*** Material provided ***

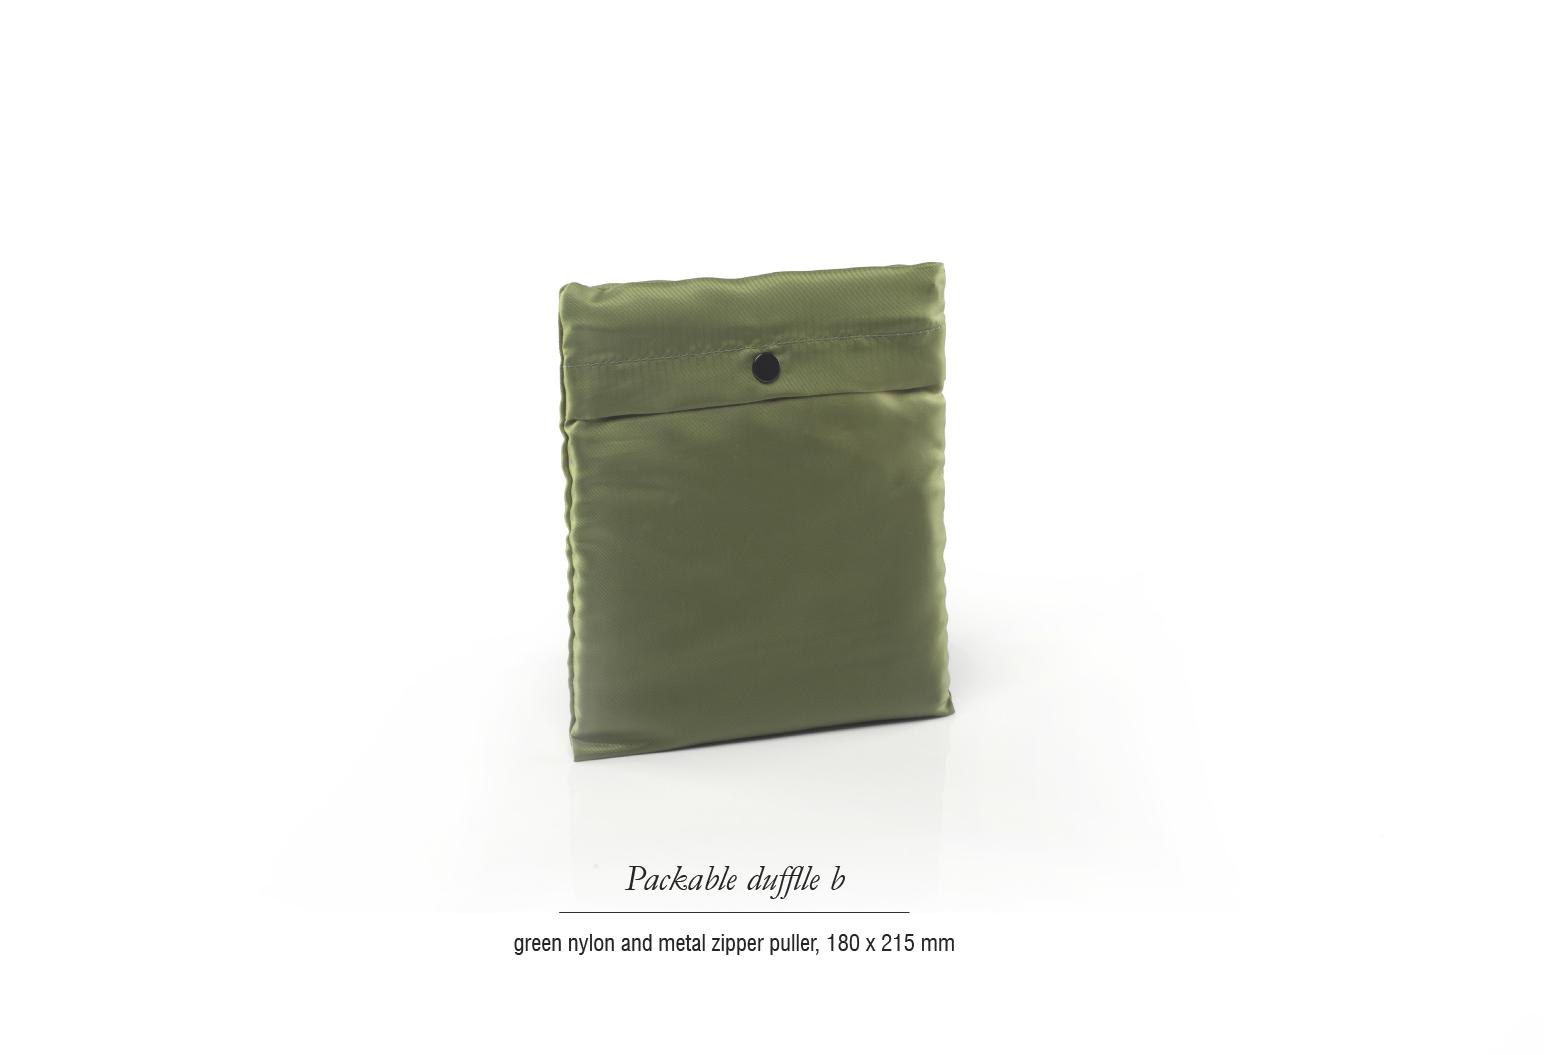 Amenity bags catalogue 2016_SHcollection_V6 101.jpg
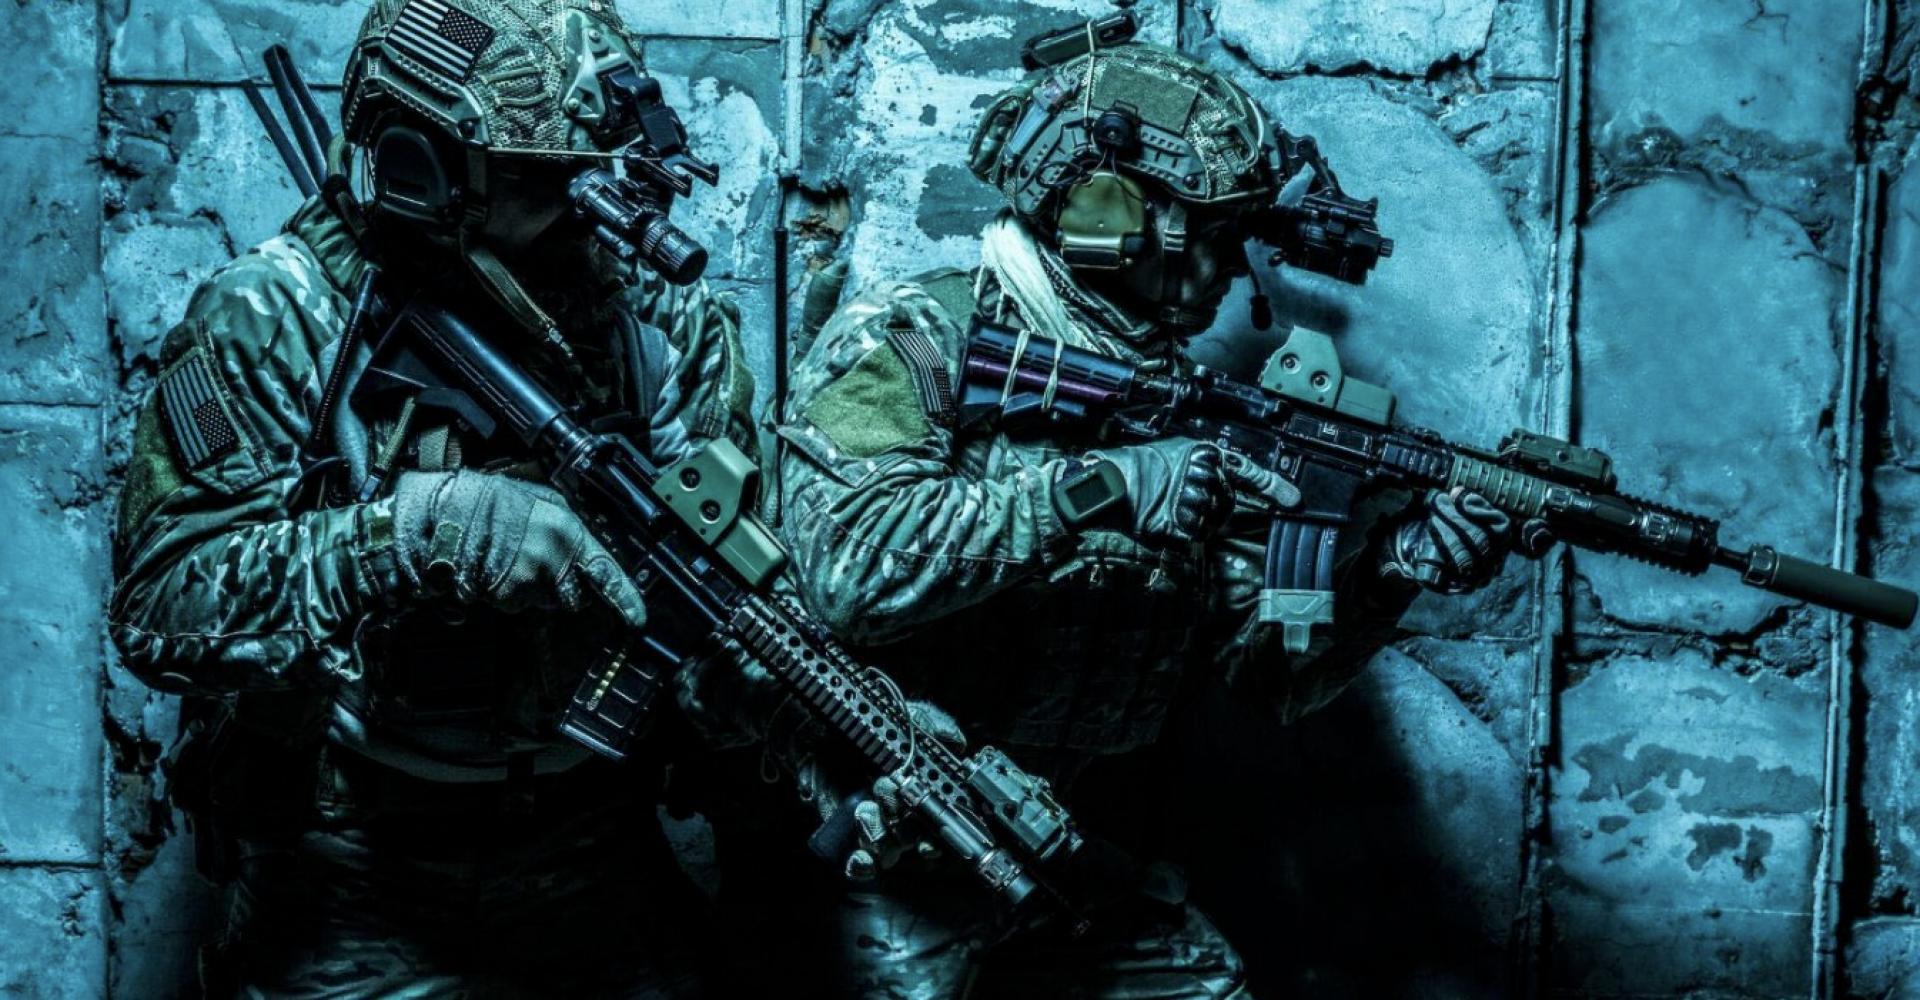 Blog Special forces mindset en weerbaarheid vergroten
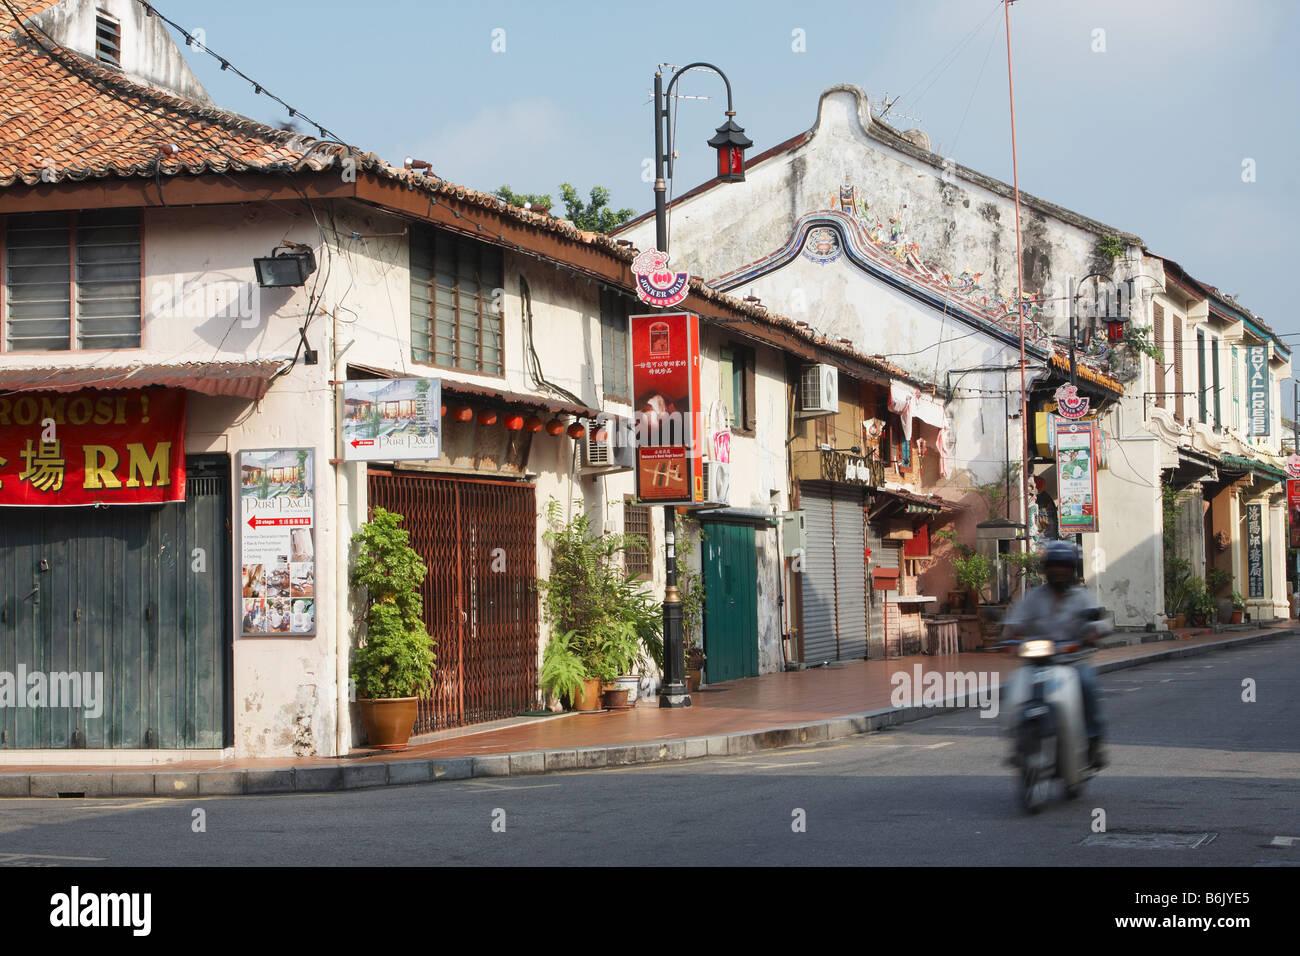 Motorcyclist Riding Along Street In Chinatown, Melaka Stock Photo

*** End of Material provided ***

> Requirement:
From the line holding "Blog Special forces" to the last line of the listing, please output each line exactly as it stands. Pictures stay out of the copy.

> Reply to the exercise:
 Blog Special forces mindset en weerbaarheid vergroten
 Motorcyclist Riding Along Street In Chinatown, Melaka Stock Photo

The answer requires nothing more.